21 Jul 2019

O presidente Jair Bolsanro assumiu o cargo com o compromisso de mudar as práticas políticas, como o modelo do toma-lá-dá-cá que originou a grande máquina de corrupção no poder público em todo o país. Sustentou sua posição diante do Congresso, ao defender o fim da "velha política". Porém, sobretudo depois da demissão do ministro-chefe da Secretaria de Governo, Carlos Alberto dos Santos Cruz, resolveu ceder a todos os apelos da velha política - incluindo a mais velha de todas, que sofre a influência do nepotismo.

Às vésperas da votação da reforma da Previdência na comissão especial, e com planos de votá-la na Câmara até a primeira quinzena de julho, o governo decidiu entregar os 22 mil cargos comissionados que Cruz vinha segurando a partidos de centro e centro-direita. 

O presidente Jair Bolsonaro tem dedicado grande empenho pessoal à aprovação de suas propostas mais radiciais e polêmicas, como o decreto das armas, reformulado com a retirada de um pequeno, mas assombroso detalhe: a permissão do uso de fuzis por parte da população civil.
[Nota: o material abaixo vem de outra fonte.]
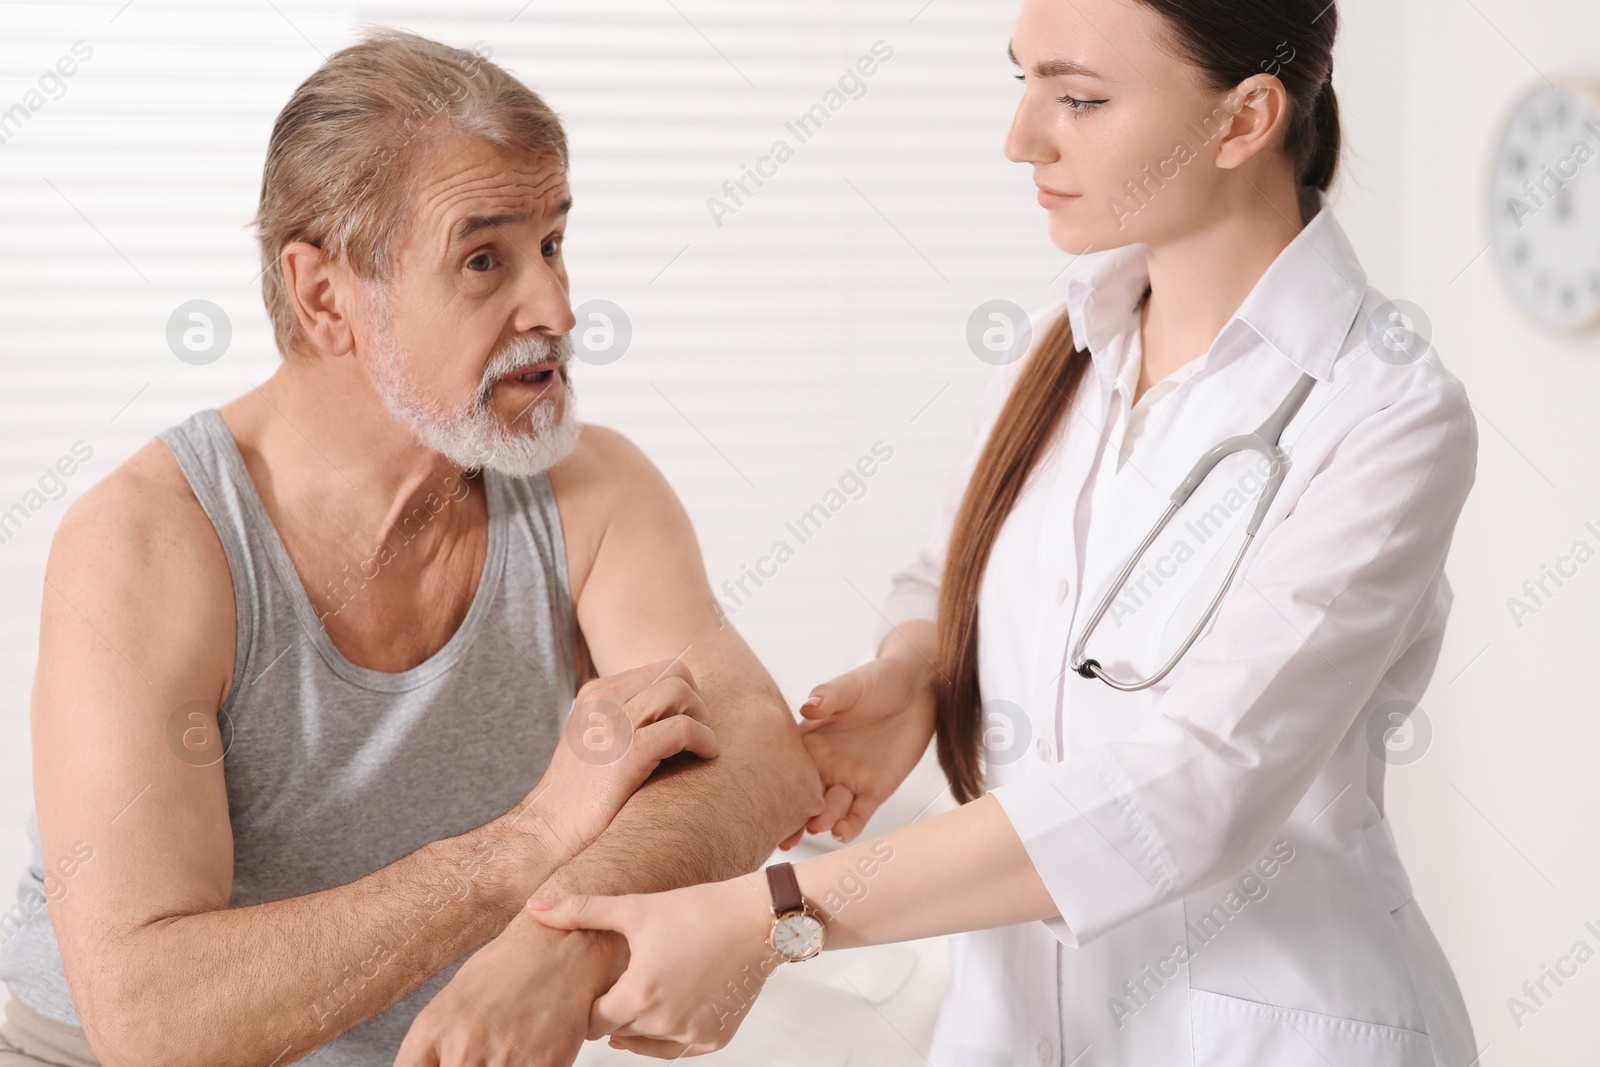 Photo of Orthopedist examining patient with injured arm in clinic

Chegou a declarar que o objetivo da medida era não somente fazer a população se proteger por conta própria de criminosos como também defender a liberdade - conclamação a uma milícia nacional contra uma possível volta do PT ao poder, por exemplo. Seus rompantes como o Bolsonaro dos 17% do início da campanha eleitoral, e não de presidente de 100% dos brasileiros, têm sido contidos agora pelo Congresso, onde o Senado acaba de aprovar um projeto de decreto legislativo que pretende neutralizar o decreto presidencial das armas .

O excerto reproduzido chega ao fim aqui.